- What the exercise asks:
Among the entries that follow, locate the line with "Изображение сайта edinet.ru" and the line with "Таблица 3.5. Критерии диагностики PC". Output those lines and all lines in between, exactly, minus the pictures.

- Dataset records:
———
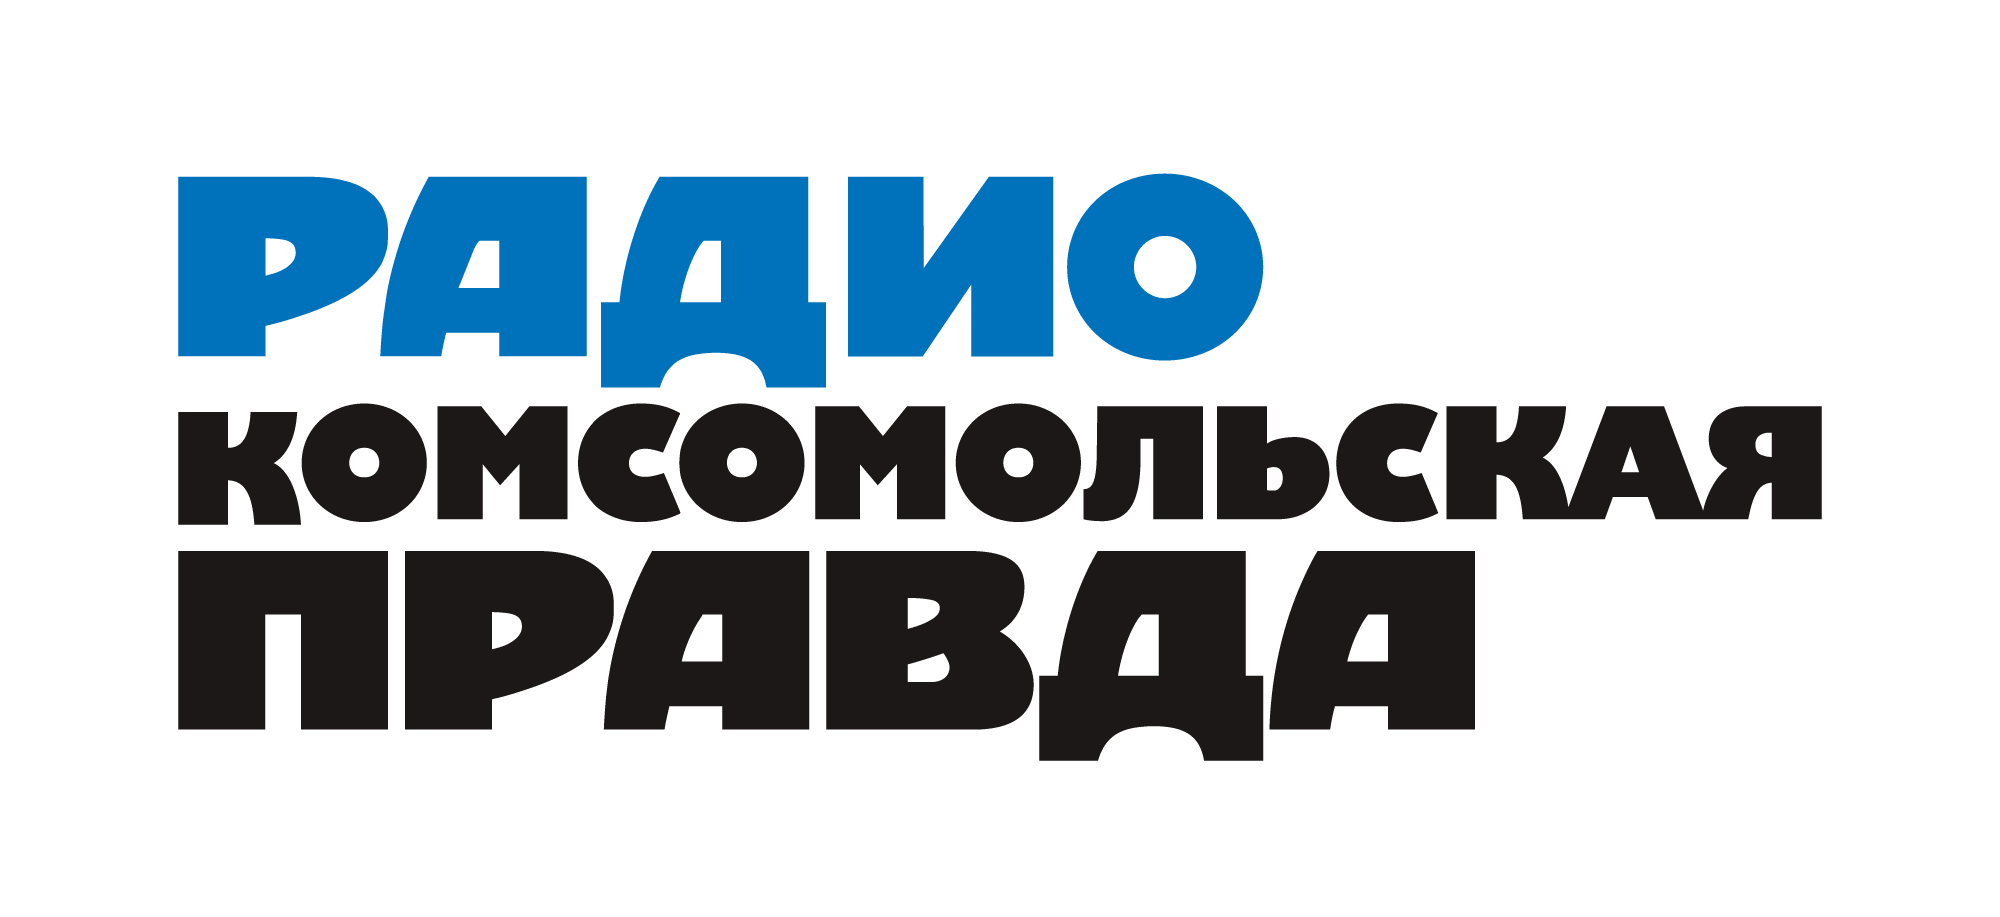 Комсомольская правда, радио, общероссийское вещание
———
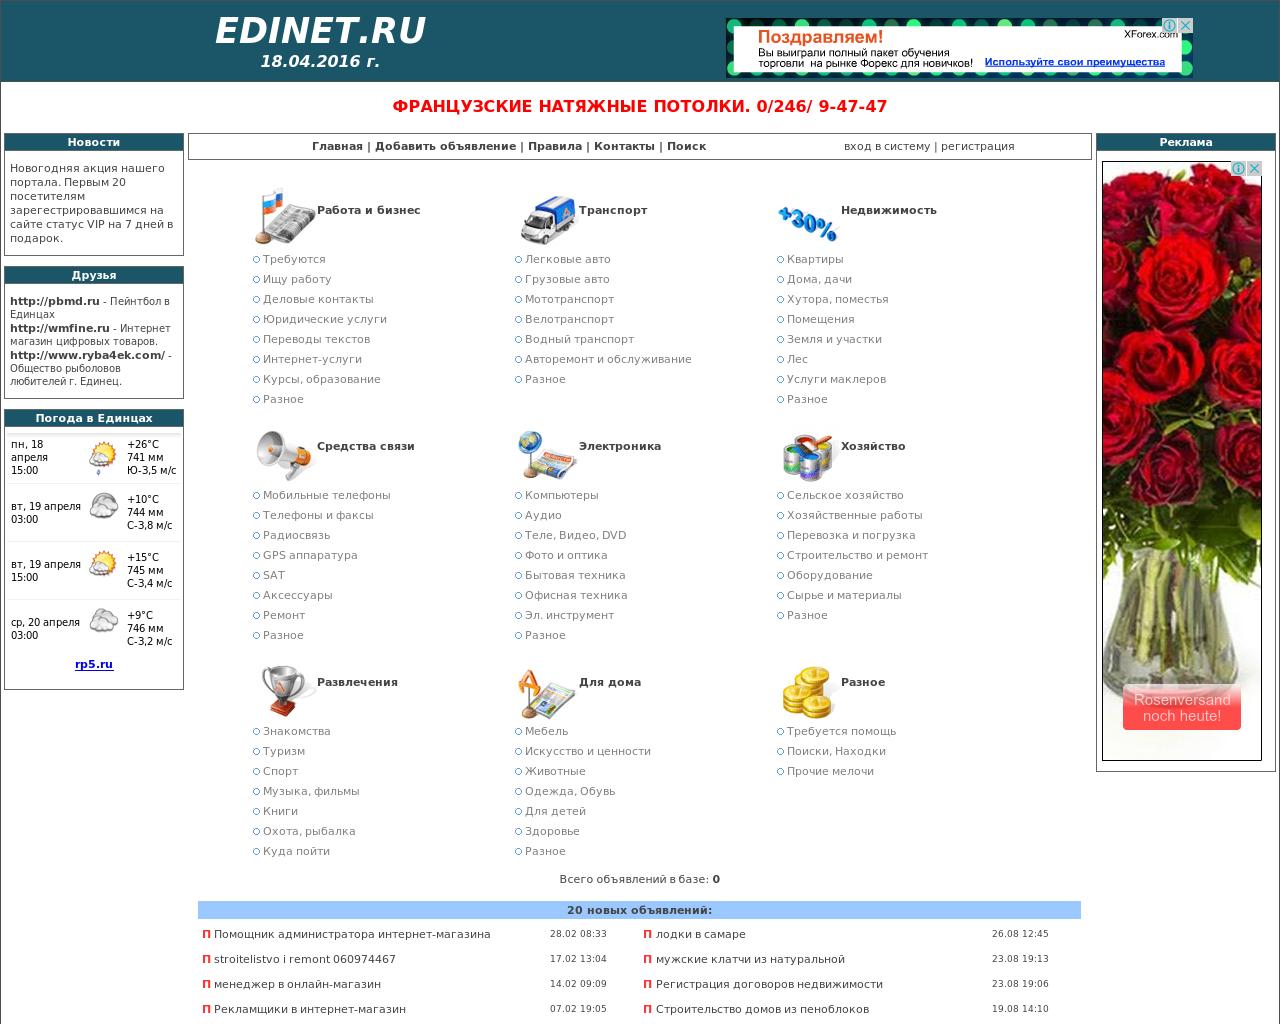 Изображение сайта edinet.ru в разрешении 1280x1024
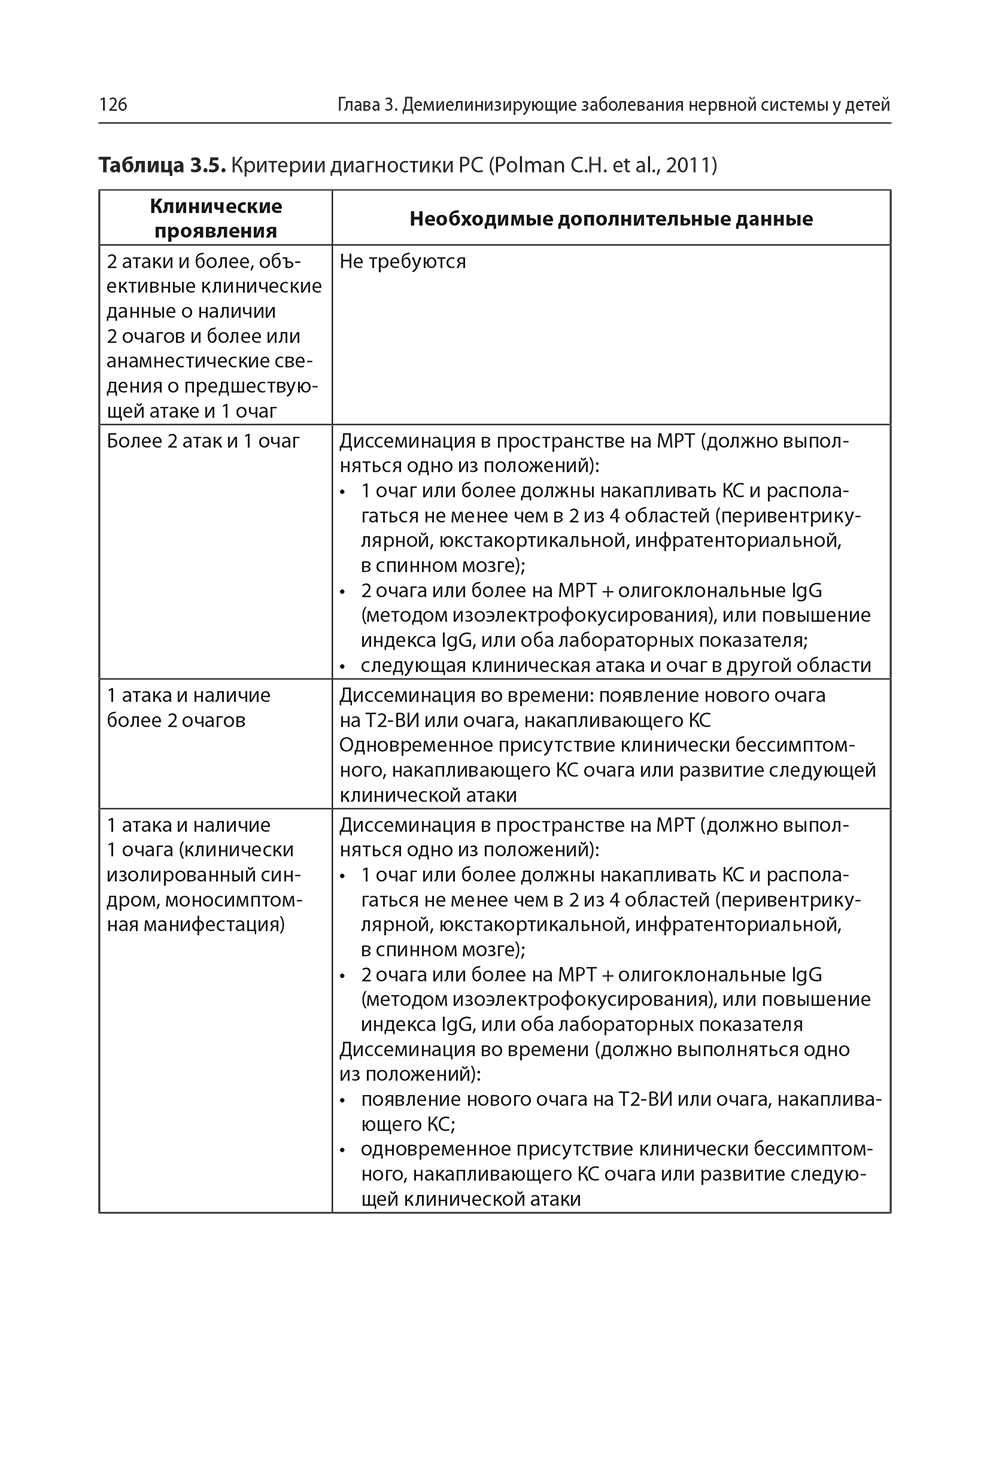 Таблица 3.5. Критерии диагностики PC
———
- Solution:
 Изображение сайта edinet.ru в разрешении 1280x1024
 Таблица 3.5. Критерии диагностики PC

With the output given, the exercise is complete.